I would be very glad to push it to golang project and benefits more if this proposal is accepted.

Many thanks for your time and good patience.

hnes commented 7 years ago

If you are interested in this little tool, there is the repository.

hnes commented 7 years ago

Sorry, I might had make a mistake:

Tmax_stw = sum{top max N on-processor time slices}

It should probably be:

Tmax_stw = max{top max N on-processor time slices}

Although I hadn't dive in the go scheduler's code yet, but I guess the 2nd is most likely the right answer, because the 1st algorithm is just too inefficient and unlikely using by the go scheduler.

But no matter which one is the right answer, the 1st one or the 2nd, it couldn't change our conclusion made before utterly.

rsc commented 7 years ago

/cc @aclements @RLH

rsc commented 7 years ago

/cc @dvyukov

hnes commented 7 years ago

Thanks a lot, rsc :)

RLH commented 7 years ago

Nice tool.

Moving forward the Go compiler needs to be taught how to preempt tight loops so, while valuable, the usefulness of this tool is short term. The unfortunate downside is that once the tool is in the source base it would need to be supported even though its usefulness will be minimal once the compiler adds loop preemption.

On Mon, Jun 26, 2017 at 3:53 PM, Russ Cox notifications@github.com wrote:

/cc @aclements https://github.com/aclements @RLH https://github.com/rlh

— You are receiving this because you were mentioned. Reply to this email directly, view it on GitHub https://github.com/golang/go/issues/20792#issuecomment-311163861, or mute the thread https://github.com/notifications/unsubscribe-auth/AA7Wn34dy3_FVSqGspt0jSod-__54uniks5sIAxKgaJpZM4OEhc5 .

hnes commented 7 years ago

Thanks Richard for yo­ur reply :)

Honestly, I don't thi­nk this tool would be­come useless even aft­er our compiler adds a­ 'mature default-on or even always-on loop preempt­ion option'. And there are s­everal reasons.

The approach of loo­p preemption cannot ­eliminate all cpu gre­edy problems, there a­re just too many diff­icult and sticky corn­er cases in cpu greed­y problems that loop­ preemption cannot h­andle them all efficiently right now (or m­aybe would pay a very­ dear price to achieve it, list them all, ­and fix them all efficiently? It'­s just too expensive ­even you could list all t­he corner cases).

Even when the loop p­reemption is confide­nt about itself that ­it can eliminate all ­cpu greedy problems a­nd all the difficult ­and sticky corner cas­es, and after the option l­oop preemption is al­ways enabled in the g­o compiler, shouldn't ­we still need a ­tool for the users to­ test out of the box that wether the­ go binary is working­ as the compiler prom­ised ( which is 'all cpu greedy­ problems is solved b­y option loop preemp­tion') and as they intended to? And then, if they still found some cpu greedy hot path, they could optimize it by themself if they want to or report it as a issue, isn't be even better?

Personally view, a­lthough loop preempt­ion is a pretty good­ feature but it shoul­dn't be always 'on' o­r even be default 'on­', it should be defau­lt 'off' even when it­ is 'mature' (and to ­what extent you could­ believe it is mature­?). And because 'loop­ preemption' is just ­a little 'anti-common­-sense' and radical, ­it should not be even ­a global option. It s­hould be a option whi­ch has a granularity ­of every single sourc­e files (I do not kno­w whether it is or no­t now already).
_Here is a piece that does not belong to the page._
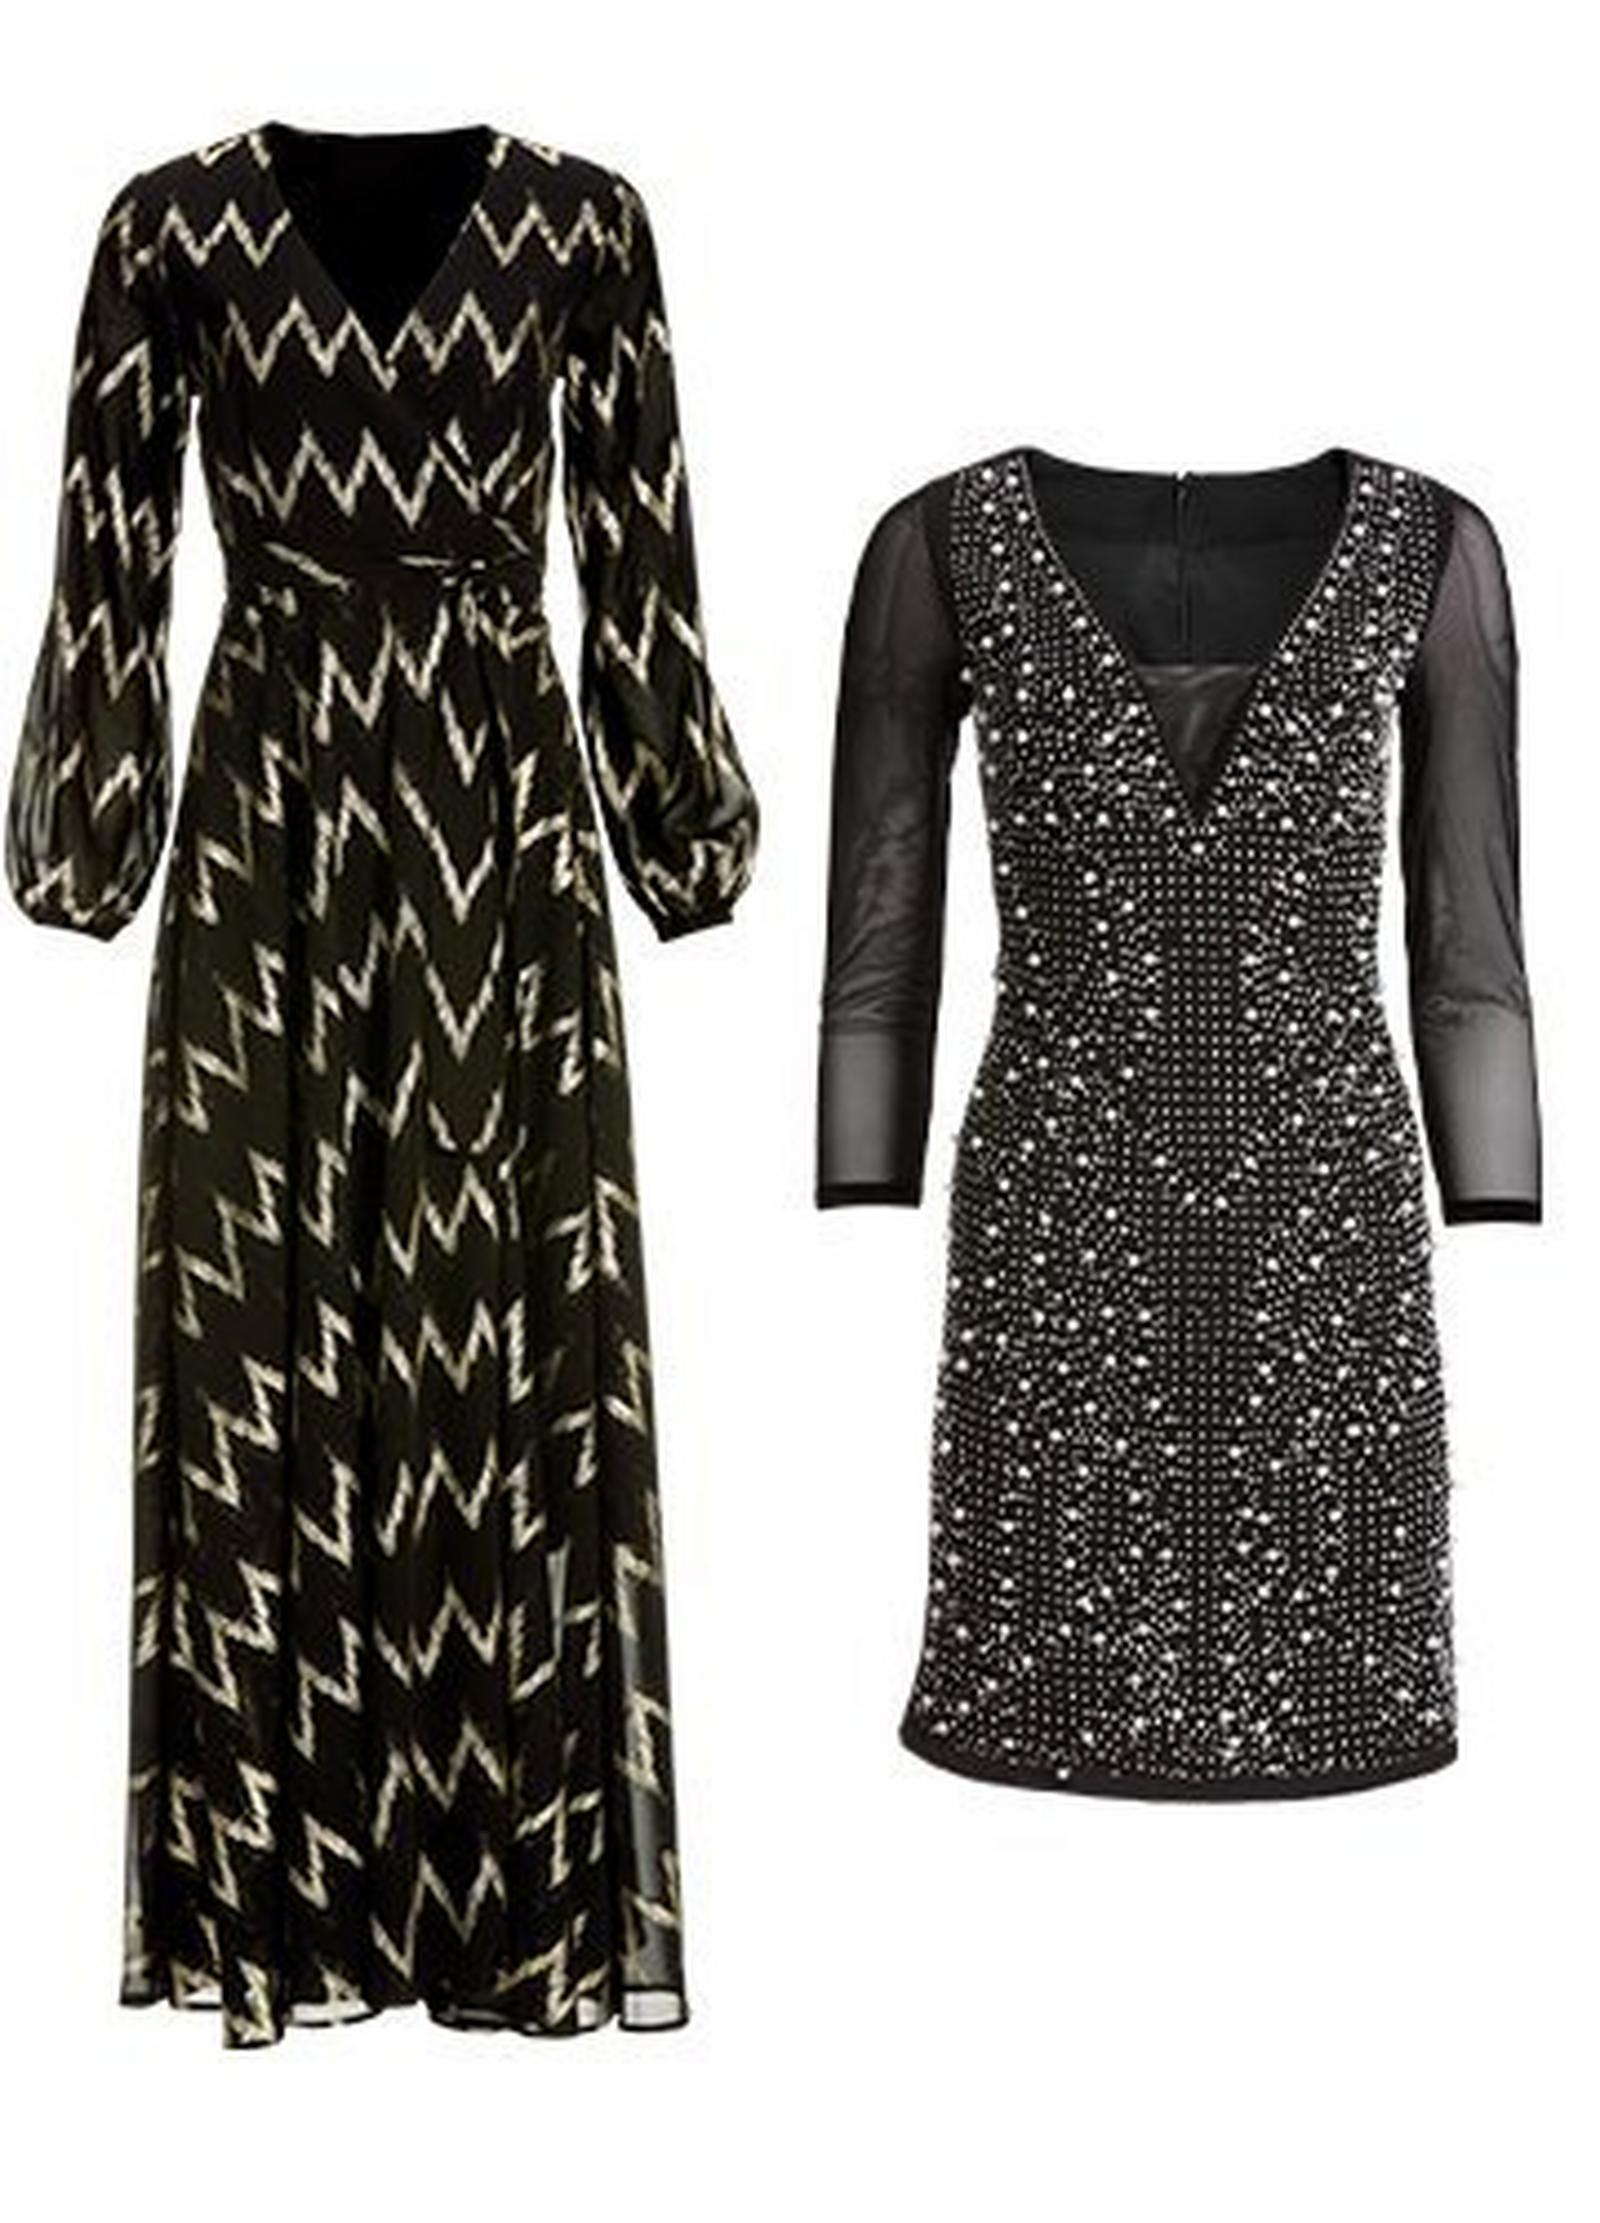 black long-sleeve wrap dress with a gold chevron print and a black illusion sleeve pearl embellished dress.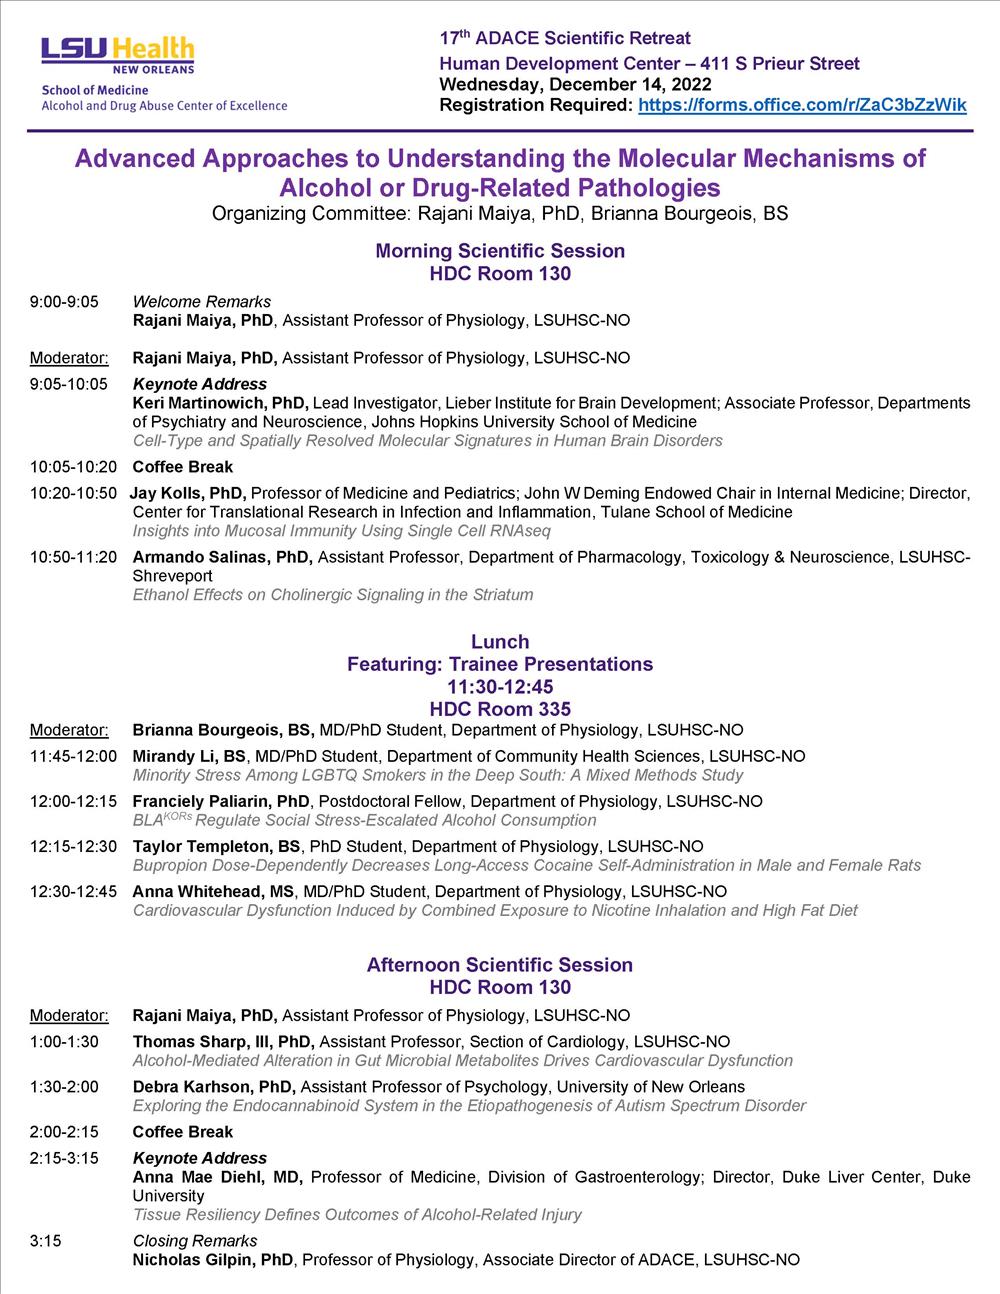 Advanced Approaches to Understanding the Molecular Mechanisms of Alcohol or Drug-Related Pathologies

Go already has tons ­of open source projec­ts and libraries whic­h they only have the ­assumption of 'preemp­t only at function calls' ­at that time when the­y were developed. And ther­e maybe something wou­ld turn wrong when th­e compiler performs t­he 'loop preemption t­ransformation' for al­l of them. It is a little dangerous and risky as many go applications plays a very important role in their systems.

With the ­assumption of 'preemp­t only at function calls', users can do some high priority batching jobs without been blocked by scheduler in a very high speed and low latency manner. But with the option 'loop preemp­tion' is 'on', such jobs will become less efficient and the latency will be worse.

So, the trade-of­f of the overhead of 'loop preemp­tion' should be chose­n and decided by the ­users themself: have ­it or not. (As far as I know, the current implementation of 'insert_resched_checks' is 'The simpler the loop, the worse the overhead, that is why this phase is not normally enabled. -- from David Chase', and it maybe not a quite easy job at all to bring a efficient and complete 'loop preempt' function to our users in a short time, one year? for instance.)

So above all, I think it would be better to provide a diagnose tool for the users to see the status of their goroutines' cpu time slices and optimize their codes by themself if they really want to, no matter the 'loo­p preemption' is default 'off' now or may default 'on' in the future. Still, it maybe often better to provide more choices to our users then to limit them to a single one.

aclements commented 7 years ago

The approach of loo­p preemption cannot ­eliminate all cpu gre­edy problems, there a­re just too many diff­icult and sticky corn­er cases in cpu greed­y problems that loop­ preemption cannot h­andle them all efficiently right now (or m­aybe would pay a very­ dear price to achieve it, list them all, ­and fix them all efficiently? It'­s just too expensive ­even you could list all t­he corner cases).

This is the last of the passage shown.